Я стянул плащ, убрал его сохнуть на вешалку и взглянул на наручный хронометр.
– Ложись. Полчаса спишь ты, полчаса я. Потом на обход.
– Отлично! – обрадовался констебль, поставил лупару в угол и улёгся на скамью. Минуты не прошло – он уже тихонько посапывал, забывшись во сне.
Я уселся за сбитый из толстых досок стол, но очень скоро начал клевать носом и поспешил подняться на ноги. Запер входную дверь котельной, затем проверил дежурных кочегаров и вернулся обратно, не желая надолго оставлять спящего напарника в одиночестве.
На стене бытовки неярко горел газовый рожок; в его неровном сиянии я достал торчавшую из кармана плаща газету и как обычно раскрыл её на второй странице. Чёрно-белая фотография под моим взглядом потеряла зернистость, начала наливаться красками и обретать объём. Сердце защемило, на глазах невольно выступили слёзы. Я провёл пальцем по снимку, воздух замерцал, готовясь соткаться в невыносимо-прекрасный образ любимой…
Кранк!
Непонятный скрежет разрушил транс; я встрепенулся и прислушался, но звук затерялся в гуле котельной, выделить его из сонма шумов не получилось.
Что-то уронили кочегары или порывом ветра распахнуло окно?

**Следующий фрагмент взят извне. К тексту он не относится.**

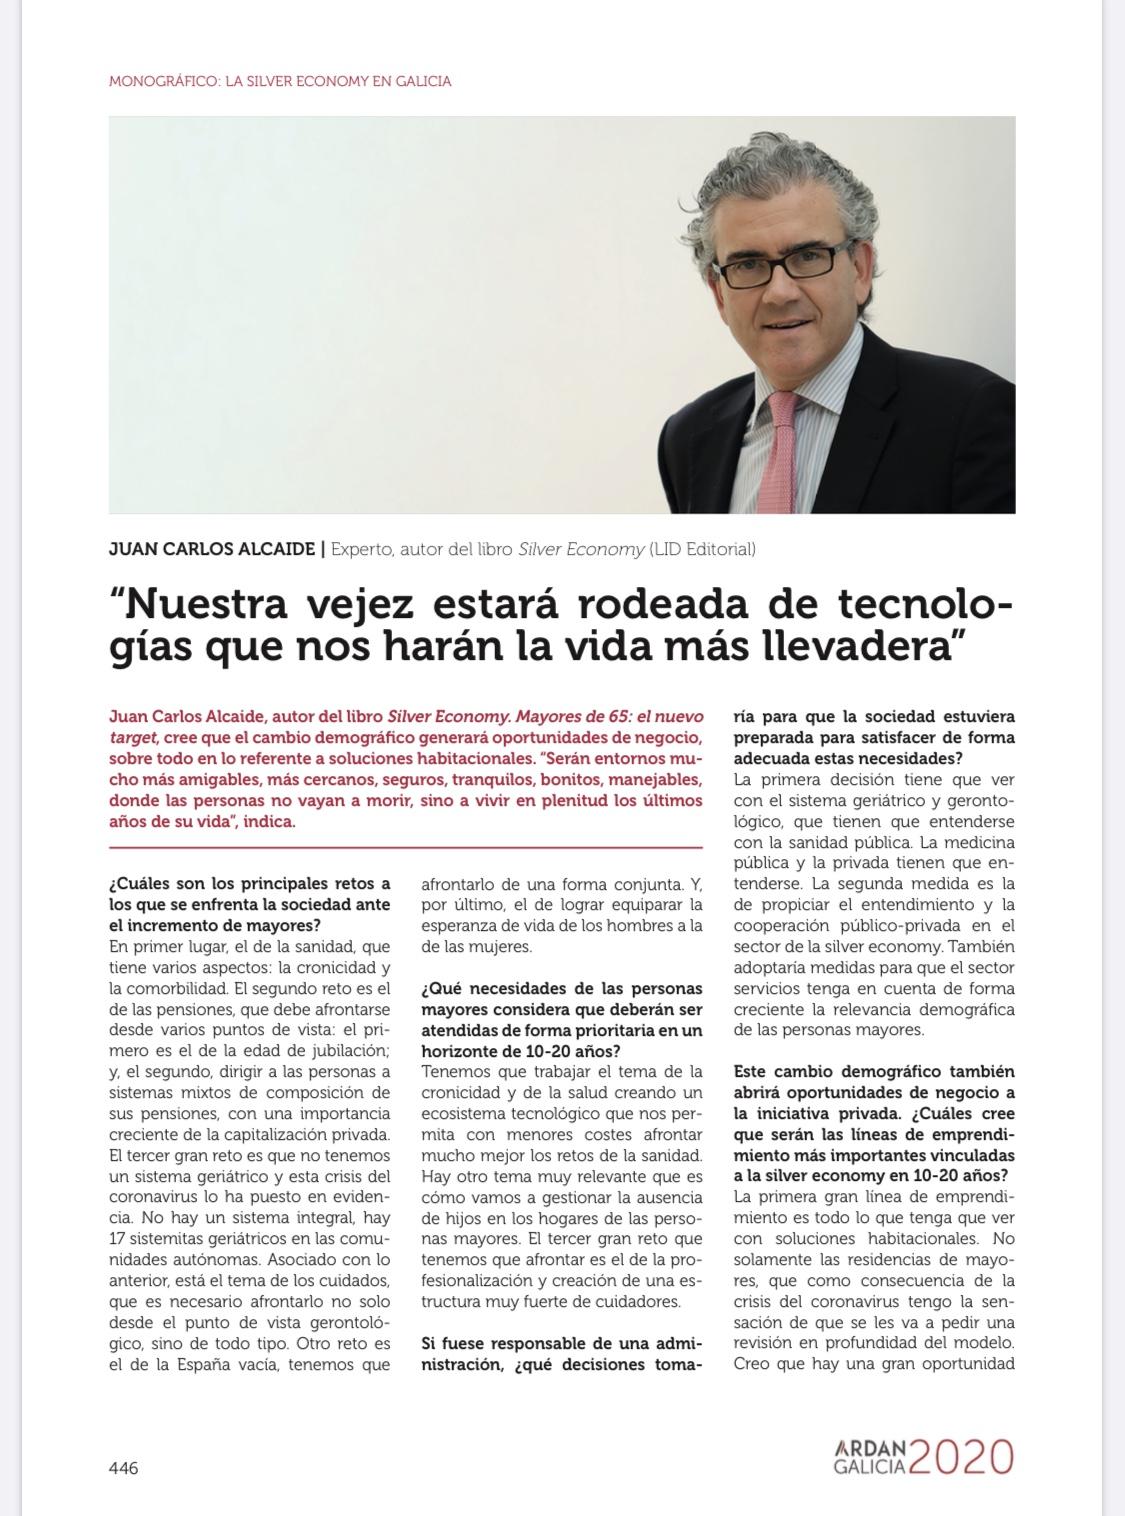 Entrevista JCA Monográfico Silver Economy Galicia

Я выглянул в коридор и крикнул:
– Всё в порядке?
Никто не отозвался, и я уже вернулся к столу, как вдруг уловил резкий всплеск чужого страха. Сердце дрогнуло, я выдернул из кобуры на поясе Рот-Штейр и, оттянув головку затвора, дослал патрон.

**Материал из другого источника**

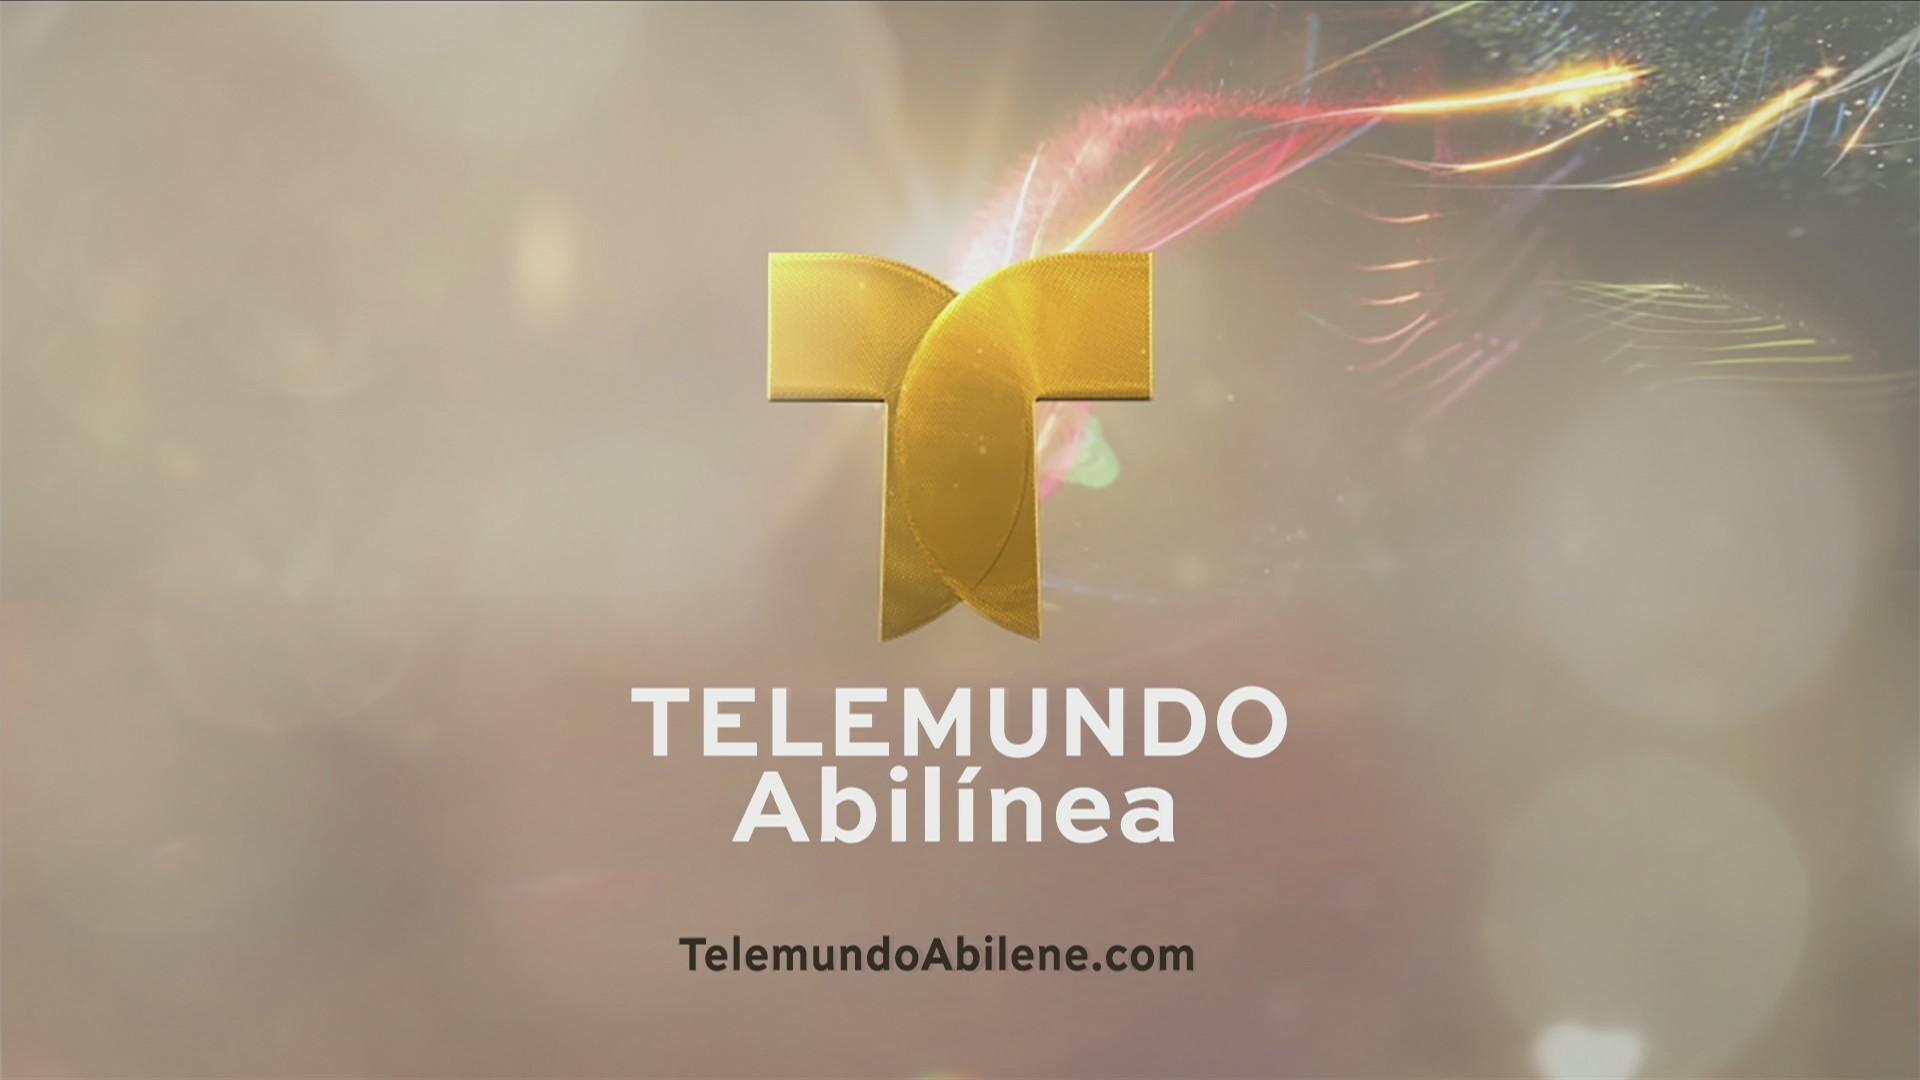 Telemundo Abilínea - 15 de febrero, 2019

– Рамон! – позвал я констебля, не отрывая пистолета от дверного проёма.
– Да? – немедленно откликнулся крепыш, будто и не спал вовсе.
– Похоже, у нас проблемы…
Констебль в один миг очутился на ногах и подхватил приставленное к стене ружьё.
– Уверен?
– Нет, но надо проверить. Идём!
Рамон закинул лупару за спину и двинулся на выход с револьвером в одной руке и фонарём в другой. Яркий луч скользнул по коридору и разогнал темноту, констебль обернулся и сообщил:
– Чисто!
– Вижу, – откликнулся я, проверил входную дверь и мы двинулся дальше.
У топок кочегаров не оказалось, только торчали воткнутые в кучи угля лопаты. Наверняка прохвосты знали здесь немало укромных уголков, поэтому я предложил напарнику осмотреть угольный склад.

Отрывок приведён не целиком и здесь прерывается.